Amongst the many evidences of esteem his abilities and character called forth, his elections as member of the Royal Society and of the Travellers' Club may be mentioned, as well as his election to the associateship and membership of the Royal Academy of Arts of England, of the academies of St. Luke, Rome, St. Petersburg, Belgium, Prussia, Sweden, and Denmark, and of the American Institute, the presentation to him by the Royal Institute of British Architects of the queen's gold medal for architecture; and, though last not least in the estimation of foreign architects, a flag on the Victoria tower was hoisted half-mast high on the day of his interment. The Emperor Nicholas said of the Houses of Parliament ‘it was a dream in stone,’ and Montalembert wrote a eulogium on the building.

He left five sons and two daughters—Charles, Alfred (assistant bishop in West London, formerly bishop of Sydney), Edward Middleton, R.A. [q. v.], Godfrey, and Sir John Wolfe, C.E. Charles and Edward followed their father's profession. Dame Barry, his wife, died in 1882. His most celebrated pupils were Robert R. Banks, G. Somers Clarke, and the present Mr. John Gibson.

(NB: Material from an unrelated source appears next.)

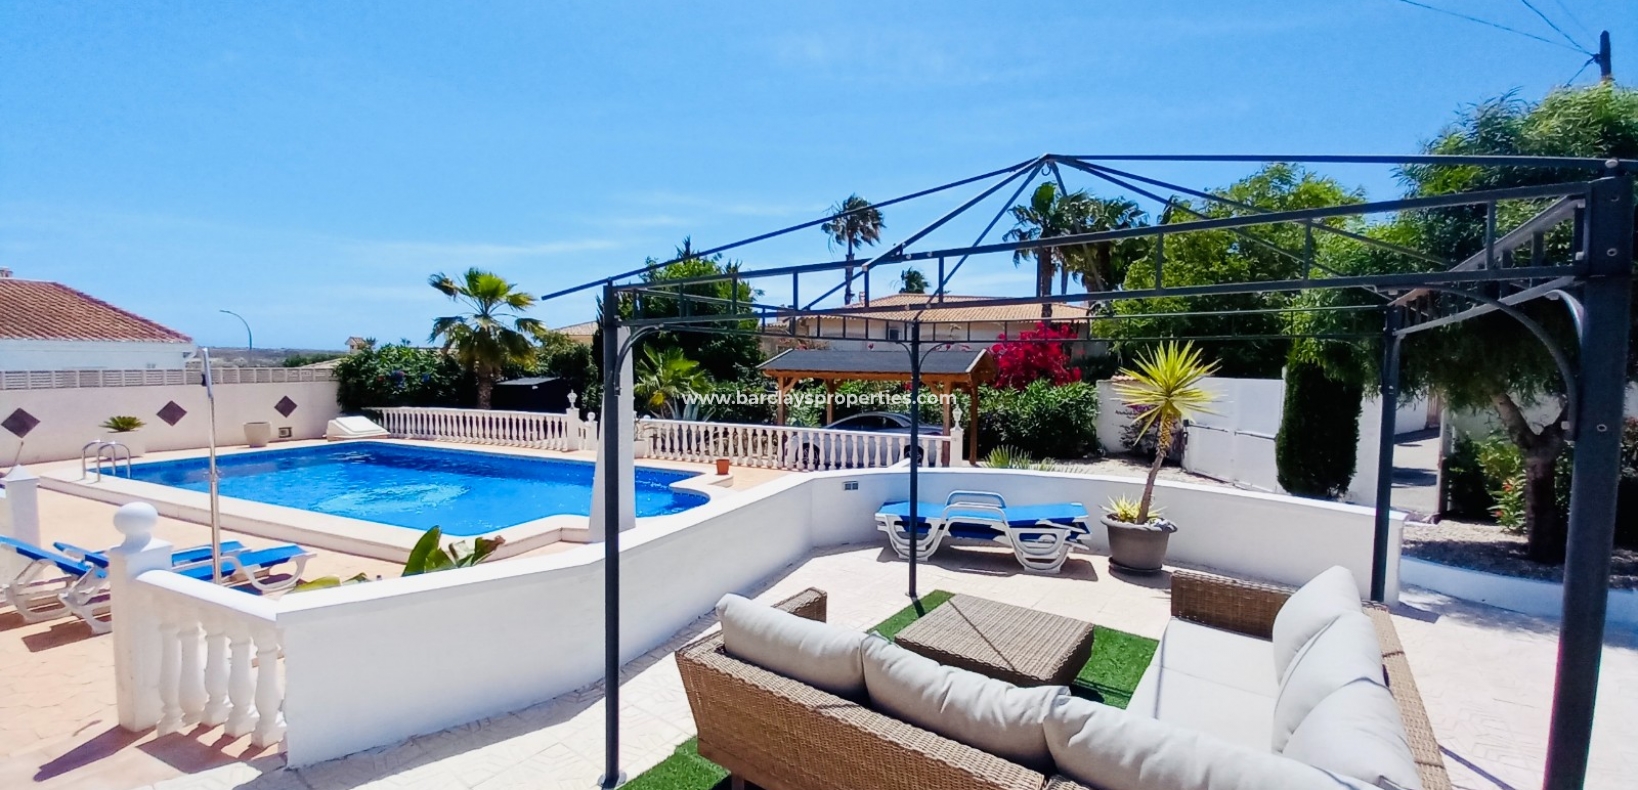 Pool Area - Prestige Villa for sale in La Marina

M. Hittorff, who pronounced an oration on Sir Charles Barry and his works at the Imperial Institute of France 1 Aug. 1860, places him before Inigo Jones and Wren, and says: ‘It was only after he had built the Travellers' and Reform Clubs that we recognised in him a capacity truly unusual, joined to a quality rare amongst the English—I mean a predominant sentiment of art.’

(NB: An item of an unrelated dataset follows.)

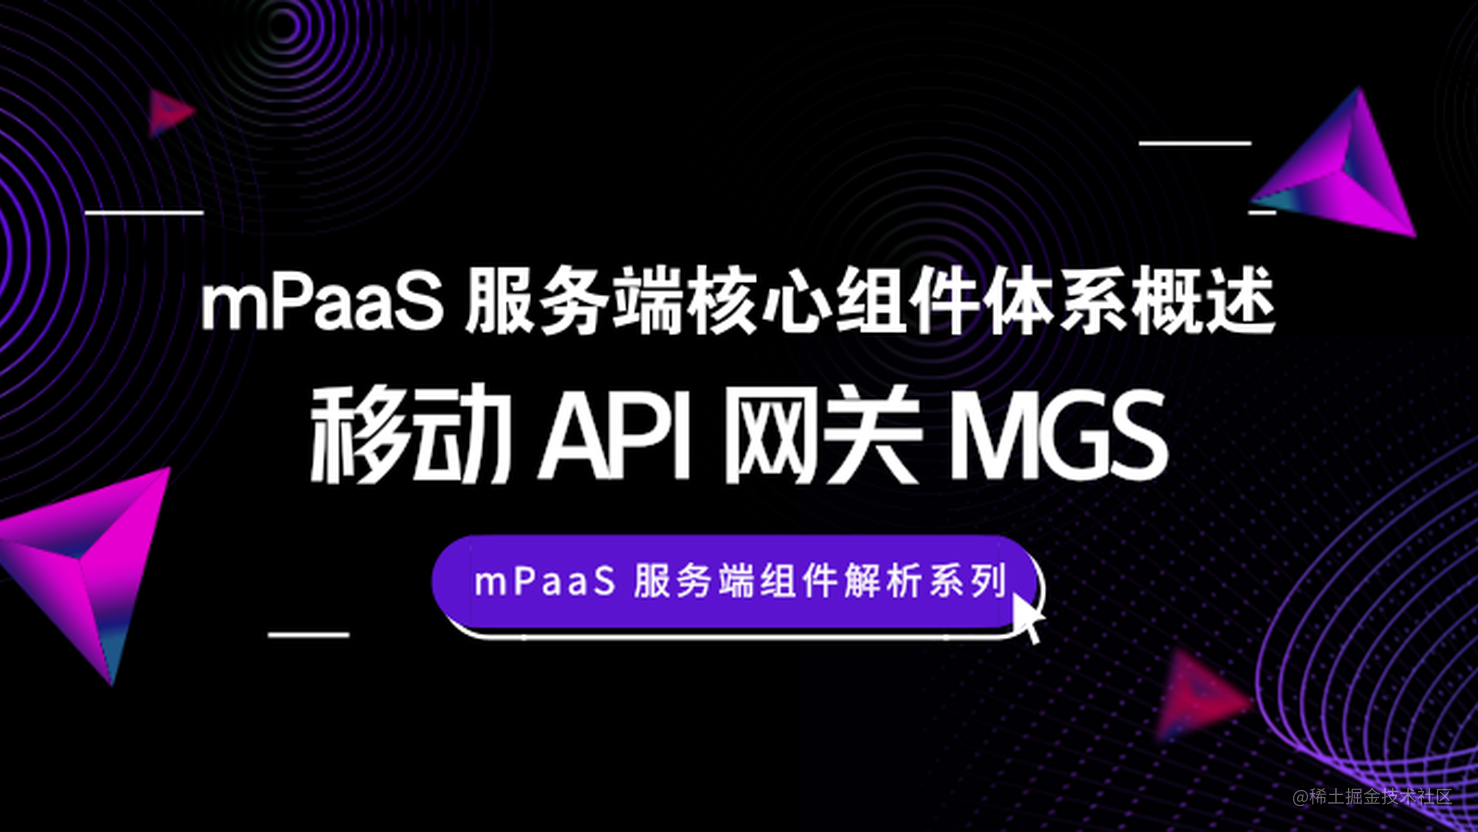 蚂蚁金服 mPaaS 服务端核心组件体系概述：移动 API 网关 MGS

In 1867, seven years after Barry's death, E. Welby Pugin published a pamphlet claiming for his father, Augustus W. Pugin, who died in 1852, the credit of being the art architect to the Houses of Parliament. A crushing reply to this was published by the Rev. A. Barry, and, fortunately, so many of Sir Charles's friends, pupils, and assistants were alive who had seen Sir Charles sketch out and elaborate the design, that the contention fell to the ground. The canopy of the throne in the House of Peers is the best piece of internal design, and it is only necessary to look at it to be confident that it was designed by a man reared in a classic school, even if we had not had G. Somers Clarke's statement that he saw Sir Charles draw it with his own hand. A complete list of his designs and executed works is published in his life by Dr. A. Barry.

[Sir D. Wyatt, On the Architectural Career of the late Sir C. Barry (Proc. R. I. B. A., 1859–60); Hittorff's Notice historique et biographique sur la vie et les œuvres de Sir C. Barry, 14 Aug. 1860, Paris 1860; E. W. Pugin, Who was the Art Architect of the Houses of Parliament? London, 1867; Rev. A. Barry's Life and Works of Sir Charles Barry, London, 1867; Rev. A. Barry's Architect of the New Palace at Westminster, London, 1868; Rev. A. Barry's Reply to Mr. E. Pugin, London, 1868; E. M. Barry's Correspondence with J. R. Herbert, R.A., London, 1868; Eastlake's History of the Gothic Revival, London, 1872; Fergusson's History of the Modern Styles of Architecture, London, 1873; The Travellers' Club House, London, 1839; César Daly, in Revue Générale de l'Architecture, Paris (The Travellers' Club, vol. i., 1840, The Reform Club, vol. xv., 1857, M. Hittorff's Address, vol. xviii., 1860); the correspondence in the Times, Standard, Athenæum, Pall Mall Gazette, Builder, and Building News; Hughes's Garden Architecture and Landscape Gardening, London, 1866, where references are made to Sir Charles's skill in the management of steps, balustrades, &c.; De Montalembert, De l'avenir politique de l'Angleterre, cap. 9, le Parlement, Paris, 1856.]